Bahnsen: they cannot legitimately appeal to “natural theology” since on their terms natural revelation assumes special revelation, which assumes the existence of God (2). 

The second part of that claim is true, though I don’t see why it is necessarily a problem. Sproul et al admit bias. I think Bahnsen’s target here is probably JW Montgomery.

Bahnsen: their use of Scripture (Ps. 19) doesn’t prove their case, for if natural theology is man’s reflection on natural revelation, then Scripture isn’t doing that.

This isn’t entirely true. Part of the problem is the tendency among presupps to reduce natural theology to nature itself. If that is what natural theology is, then we don’t see the psalmists doing that. On the other hand, natural theology as used by Sproul and the historic Christian tradition includes legitimate inferences from logical foundations, even at times drawing upon non-Christian wisdom. The most notorious point is Paul’s quoting a pantheist philosopher. Evidently, that philosopher had at least one legitimate reflection.

Bahnsen on noetic effects: He takes issue with apologetics as pre-evangelism, as the sinner won’t even agree to an assensus of faith to the propositions without the Holy Spirit (3). 

This is simply false. Anyone who has done evangelism has been in situations where an unbeliever will say, “Yeah, that makes sense or I can agree with that but I don’t want to change my life.” Moreover, it is not true in Scripture that one needs the Holy Spirit for intellectual assent. Demons, for example, give intellectual assent to the most important proposition one can make about God.

Bahnsen: he attacks their use of causality (i.e., every effect has a cause) and points to Hume. 

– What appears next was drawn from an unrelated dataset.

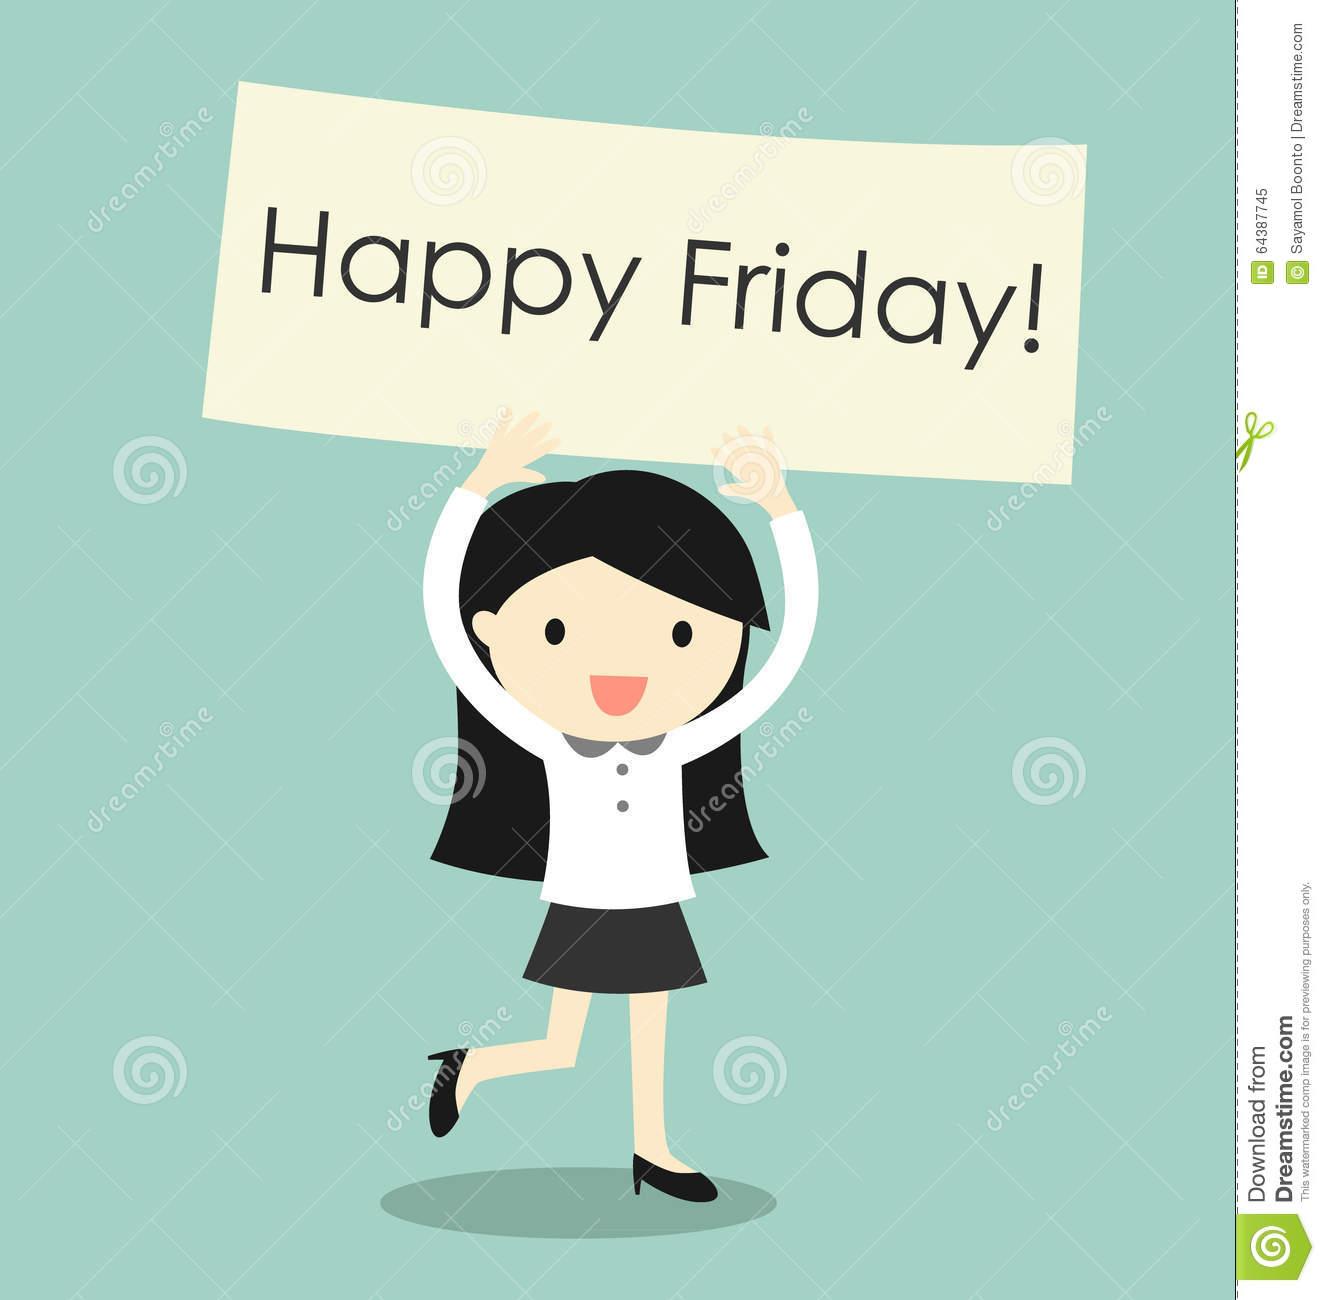 Clipart Happy Friday

Aside from implying Hume’s criticism of causality, Bahnsen gives no reason to believe Sproul is wrong.

Bahnsen on cosmological argument: I’ll grant Bahnsen a point here. I don’t like how Sproul phrased it: if something exists now, then something exists necessarily. There are much better presentations of the cosmological argument and I never liked how Sproul phrased this one. Bahnsen attacks the claim that this cause has the power of being in itself as incoherent. That’s just standard Christian theism. Beings have energia. That’s almost true by definition.

Bahnsen: the authors give us no reason to believe that the world can’t be an infinite regress.

Response: yes they do. The explanation for a cause must be outside that cause itself. If this is true, and Bahnsen has given us no argument on why it isn’t, then the cause will be outside the temporal order.

That’s more or less Bahnsen’s review. He devotes the last page to rescuing Van Til from the charge of fideism. Even if that attempt is successful, it ignores all the real criticisms of Van Til. Consider: does the sinner have false knowledge of God? If he does, then why is he suppressing it? Wouldn’t it make more sense to say that he has knowledge of God and that is why he is suppressing it?

Reactions: Like 2 | Informative 5


----------



## J.L. Allen (Aug 12, 2021)

Thank you for the review. I look forward to the follow up you mentioned. What would be some good resources to further look into the classical approach to apologetics?

Reactions: Like 1


----------



## RamistThomist (Aug 12, 2021)

J.L. Allen said:


> Thank you for the review. I look forward to the follow up you mentioned. What would be some good resources to further look into the classical approach to apologetics?



I want to read Fesko's book. I'm sure it complements it nicely. I know he has his faults, but Geisler's big book on apologetics is really good on the classical approach.

Reactions: Informative 1


----------